— Мама! Мама!
Проснувшись в поту, Фрэнси все еще кричала, сердце бешено колотилось. Наконец она увидела, что перед ней стоит напуганный Адриан, решивший, что она умирает.
Увидев, что мать жива, он разрыдался и залез в постель, чтобы обнять ее.
— Это просто страшный сон, милый, — успокоила его Фрэнси.
— Мама, где ты была? — сквозь плач спрашивал Адриан. — Почему тебя не было дома?
— Иногда мне нужно уезжать по работе.
— Но это было слишком долго.
— Да, на этот раз слишком долго.
— Я не хочу жить у бабушки с дедушкой. Я хочу жить с тобой. И чтобы папа к нам вернулся.
— Ш-ш… не плачь.
— Мамочка, я так тебя люблю.
— И я тебя. Очень сильно.
— А Бэлль ты больше любишь?
— Нет.
— Скажи, что точно не любишь ее сильнее.
— Точно.
Адриан успокоился. Он лежал, свернувшись калачиком, на животе у Фрэнси, точно так же, как в раннем детстве. Она, закрыв глаза, слушала, как он дышит. И никакие звуки ее не беспокоили, все было хорошо. Внезапно Фрэнси захлестнуло сильное чувство, будто они вновь стали единым целым, будто он опять у нее в животе.

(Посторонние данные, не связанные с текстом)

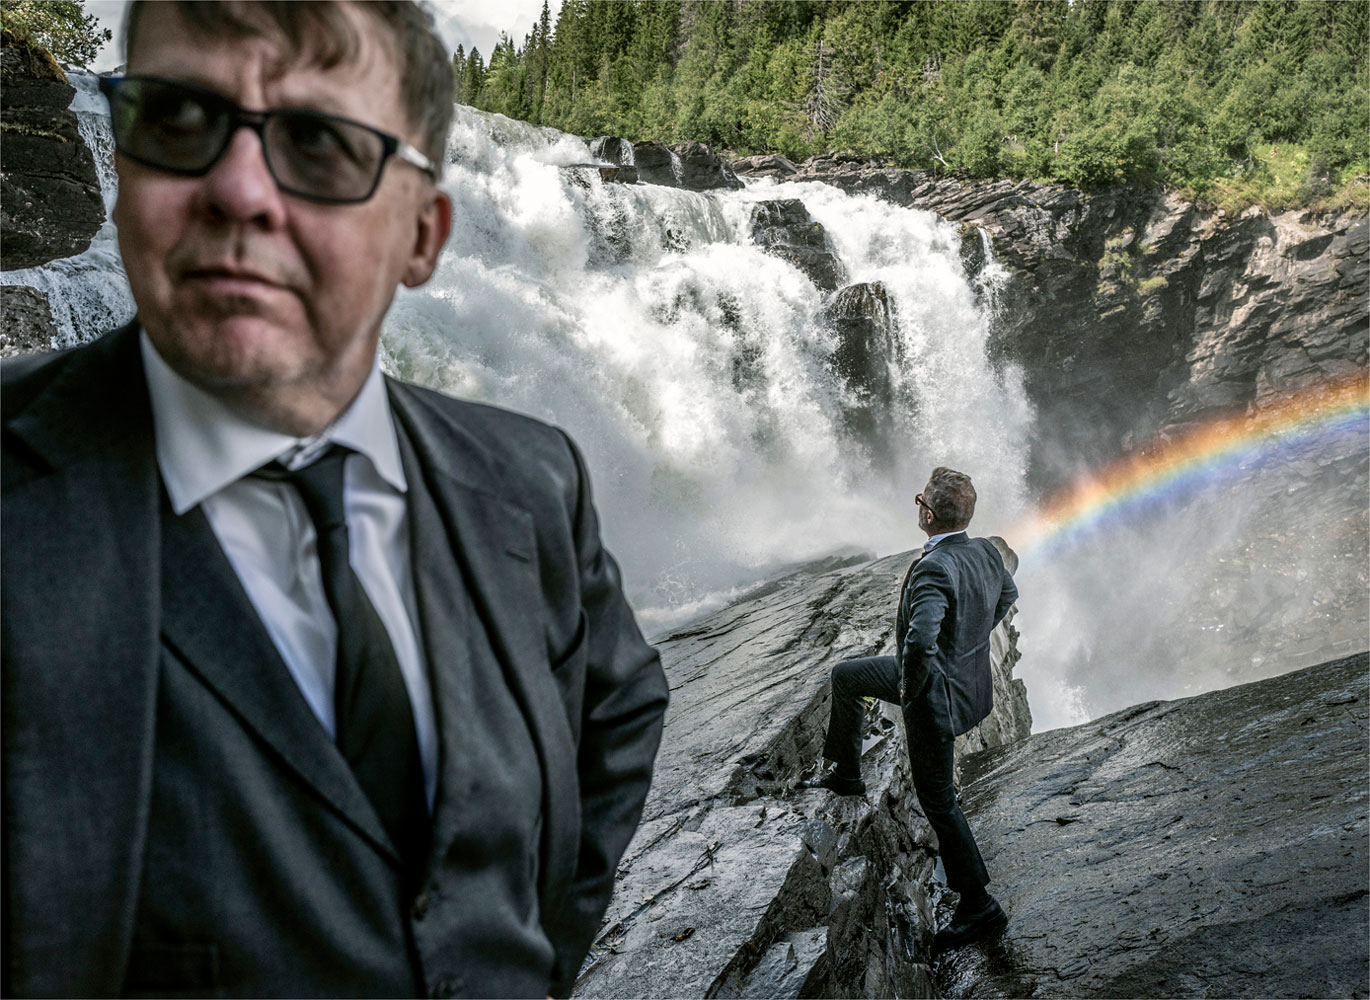 Foto. En kostymklädd man i halvfigur syns till vänster. Han har solglasögon och tittar snett utanför bild. Till höger bakom honom står en till kostymklädd man på en klippa. I bakgrunden syns ett mäktigt vattenfall. En regnbåge syns vid vattenfallet.

Он родился таким крошечным, меньше, чем Бэлль, и как-то беззащитнее. Хрупкий цветок, не созданный для того, чтобы пойти по стопам матери. Да он бы и не заинтересовался всем этим. Склад ума у него скорее философский. Наверное, станет ученым или программистом. Он любит смотреть на звезды, и у него всегда наготове вопрос о происхождении всего сущего.
— Зачем нужен Бог? — спросил он однажды.
Фрэнси, вечно метавшаяся между верой и неверием, удивилась вопросу пятилетнего мальчика, который, как следовало из его слов, полагал, что Бог есть. И спрашивал: «Зачем Он нужен?»

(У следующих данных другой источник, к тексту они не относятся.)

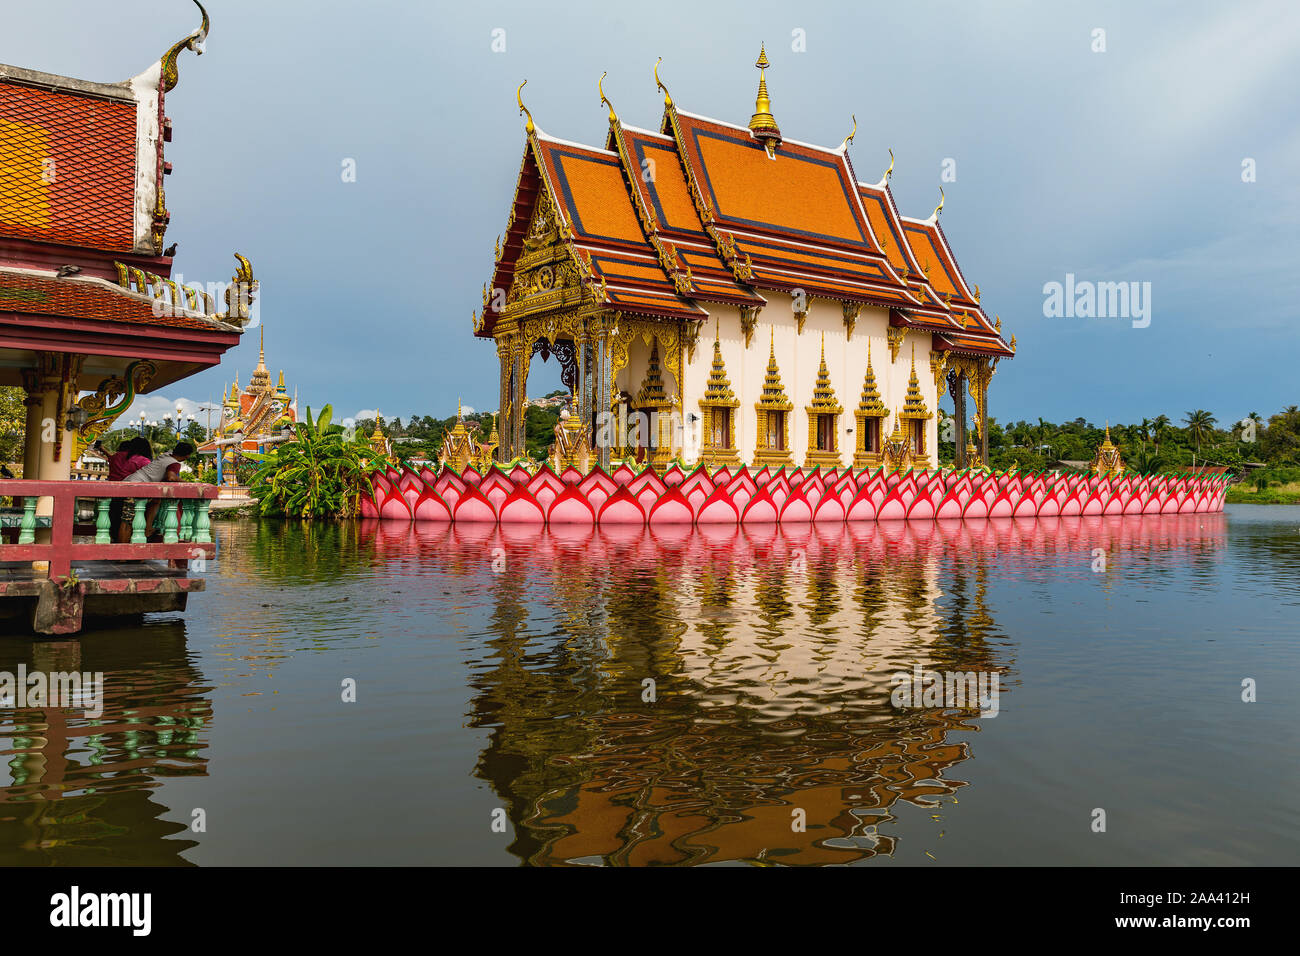 Wat Plai Laem Budhist temple on Koh Samui. Thailand Stock Photo
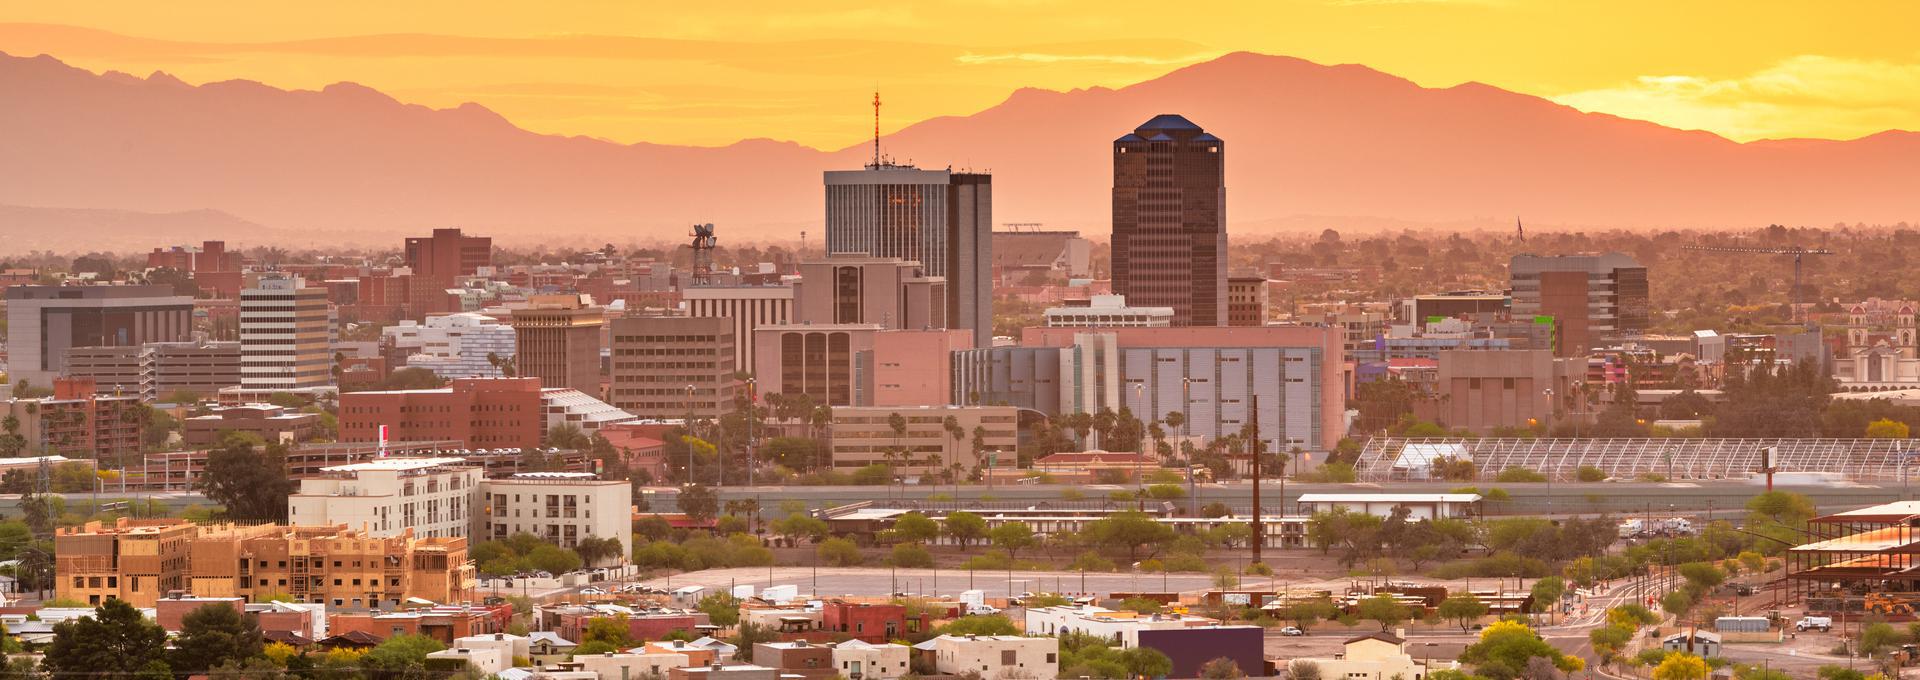 Tucson -

— Чтобы следить за нами, за людьми, — ответила она.
— А зачем? — настаивал он.
— Потому что мы не всегда поступаем как надо. Подумав пару секунда, Адриан сделал вывод, что Фрэнси имела в виду следующее:
— Нельзя бить других людей.
И он посмотрел на нее чистыми, невинными глазами, веря, что мама — хороший человек, верная раба Божья. Она тогда спряталась от него в туалете, а затем долго стояла под холодным душем в надежде ослабить жгучий стыд. Нет. Она была сволочью, да, во всяком случае, в глазах Бога (если Он существует). Да и кто Он (Она? Оно?) такой, чтобы вдалбливать всякие заповеди в головы людям? Об этом Фрэнси предпочитала не задумываться. Она устанавливала собственные законы и заповеди, писала собственное евангелие.
— Аминь, — наконец сказала она, снова стоя под душем и смывая холодный пот, уже вернувшись домой после кошмара, пережитого в бункере.

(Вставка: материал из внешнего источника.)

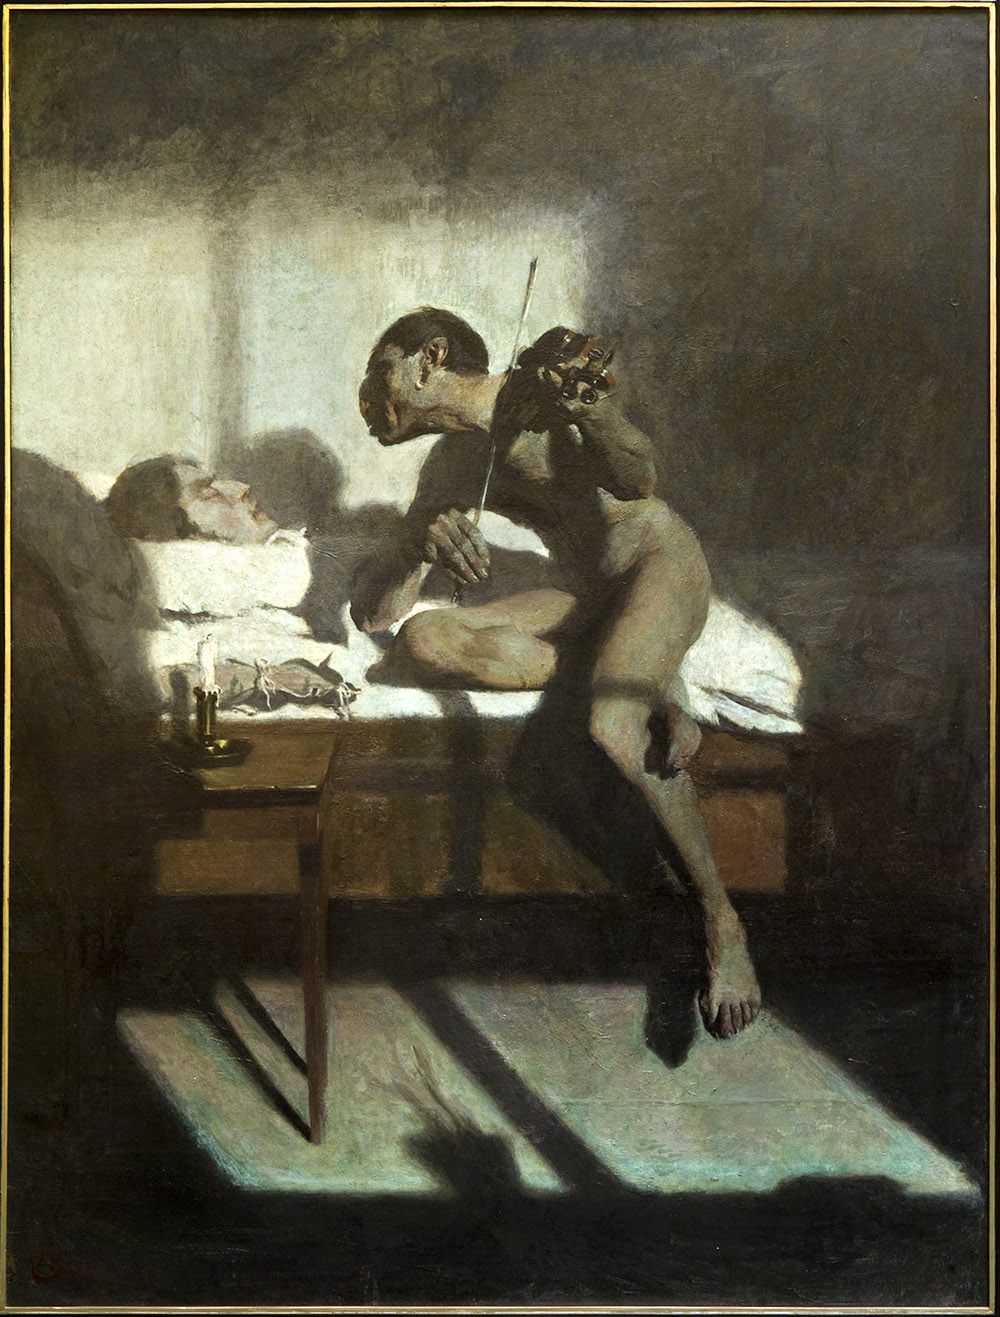 Edward Okuń, Śmierć Paganiniego, oil on canvas, 184 x 138 cm, owned by Muzeum Lubelskie in Lublin

В ночь накануне вновь назначенных крестин Бэлль трое детей из армии Зака были взяты с поличным в одной из приватных кабинок в клубе «Леруа» при попытке сбыть стимулирующие вещества в стельку пьяным богатым девкам, которым они, кстати, были уже совершенно лишними. Эрьян и Манге приволокли деток в кабак, который крышевала Фрэнси. Хозяин и бровью не повел, когда эта компания постучалась к нему с черного хода. Подросткам как следует надавали по морде и стали допрашивать, где Зак, где товар, кто их постоянные клиенты, где держат Юханссона и так далее. Детишки не произнесли ни слова, а потом каждый внезапно вытащил по капсуле с цианистым калием, спрятанной в одежде, проглотил яд и тут же умер. Эрьяну и Манге пришлось оставить трупы в ресторане, который, к слову, славился блюдами из филе.